A deep learning method developed by RIKEN researchers can accurately predict the destructive power of typhoon-induced storm surges on coastal regions in a fraction of the time of conventional models¹. It promises to buy precious time for coastal residents without compromising accuracy.

The powerful winds and torrential rain generated by typhoons can wreak destruction and loss of life in inland regions. But coastal regions bear the full brunt of their destructive power through a phenomenon known as storm surges. The combination of strong winds and low pressure causes the sea level to rise well above its normal level, resulting in inundation of low-lying areas.

“When the bulge in the water surface reaches the coastline, it can cause flooding similar to that of tsunamis but spread out over two or three days,” explains Iyan Mulia of the RIKEN Prediction Science Laboratory.

Currently, two kinds of computer models are used to forecast wind and pressure fields for simulating storm surges. Parametric models use statistical calculations determined from past observations. They are quick to perform but can be unreliable under certain conditions. In contrast, numerical weather prediction (NWP) models, which account for the physics involved, are more accurate but take much more time and computing power to perform.

“Parametric models are computationally more efficient but less accurate than NWP models,” says Mulia. “Our goal is to develop a model that is as efficient as parametric models but as accurate as NWP models.”

Now, Mulia and his co-workers have used deep learning to combine the advantages of both models. “Our deep learning model can produce comparable accuracy to NWP models with significantly less computational effort,” says Mulia.

Their model uses deep learning to convert the results of a parametric model into realistic wind and pressure fields within a few seconds on a normal desktop computer. These are then used to calculate the effect on the sea. The team employed this approach because it is much more demanding to calculate atmospheric conditions than water ones.

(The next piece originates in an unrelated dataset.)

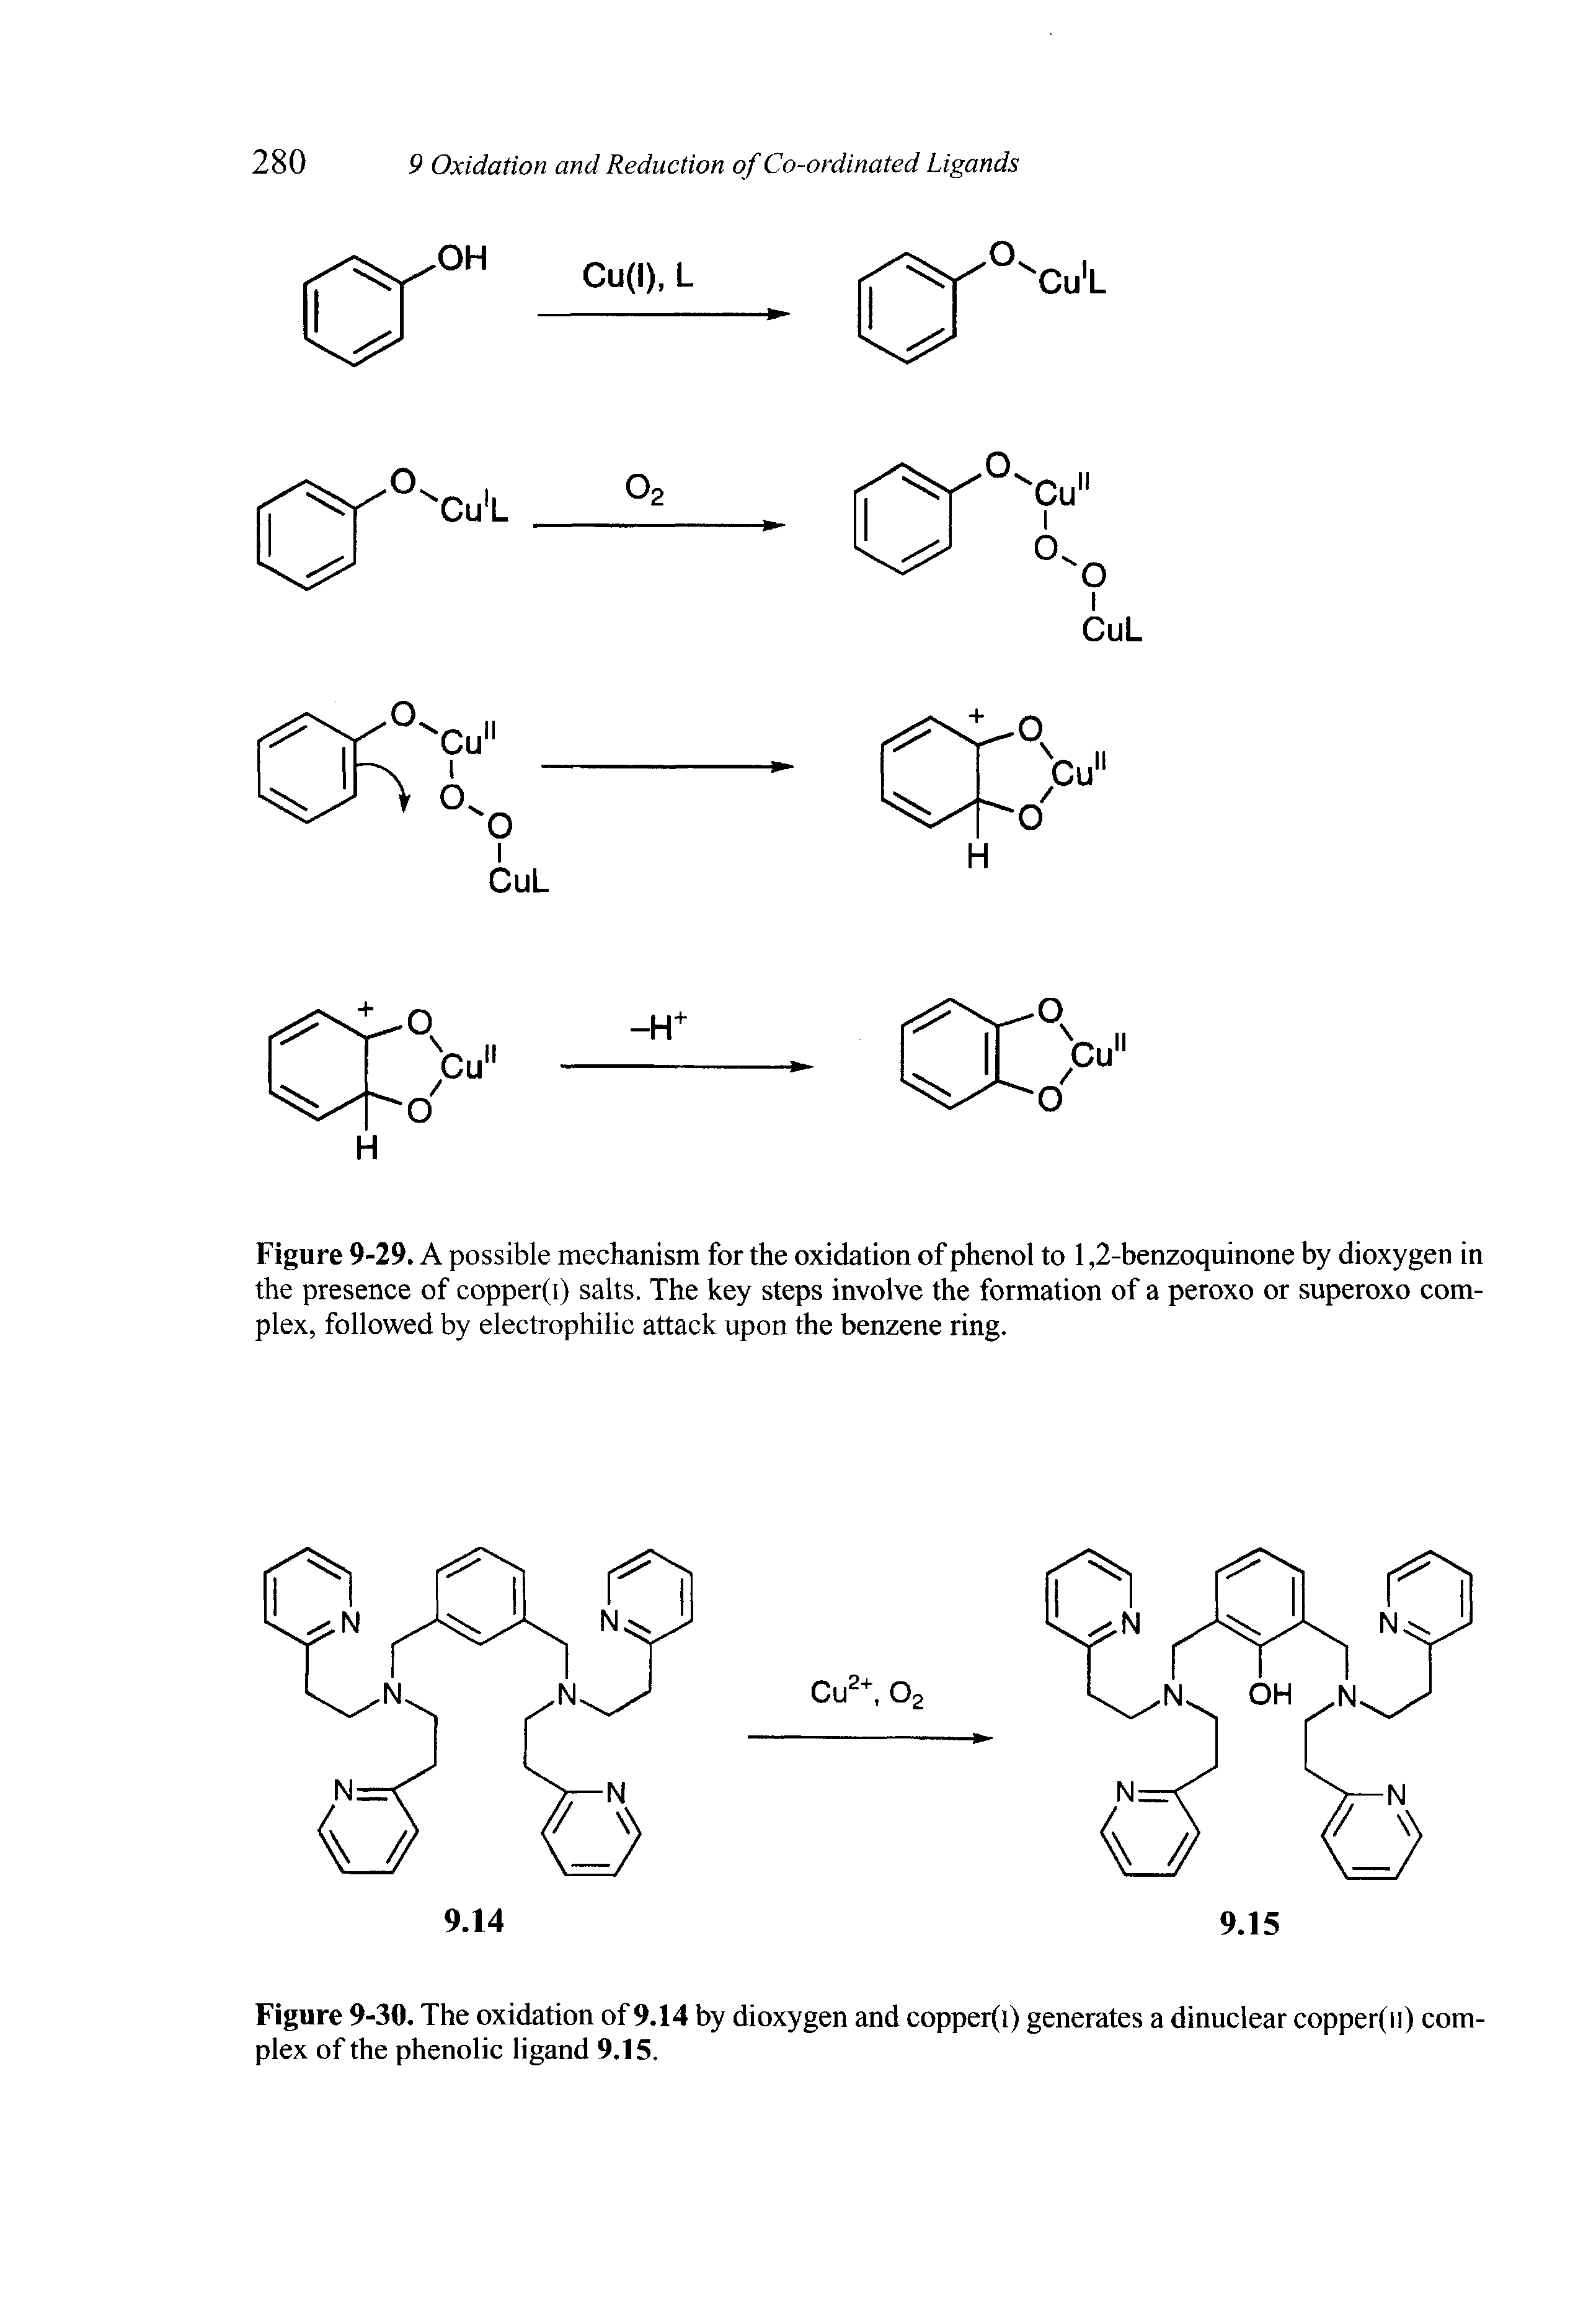 Figure 9-29. A possible mechanism for the oxidation of phenol to 1,2-benzoquinone by dioxygen in the presence of copper(i) salts. The key steps involve the formation of a peroxo or superoxo complex, followed by electrophilic attack upon the benzene ring.

Even Mulia was surprised at how well the deep learning model performed. “We didn’t expect that the deep learning model could achieve such high accuracy given how complex typhoon structures are,” he says. “For instance, it clearly captures the topographic effect on the wind, which is difficult to achieve using standard parametric models. We’re very happy with the result.”

More testing using larger data sets is needed before the method can be deployed in operational forecasting systems, Mulia notes.

The team is now applying the same approach to other fields such as environmental science and engineering.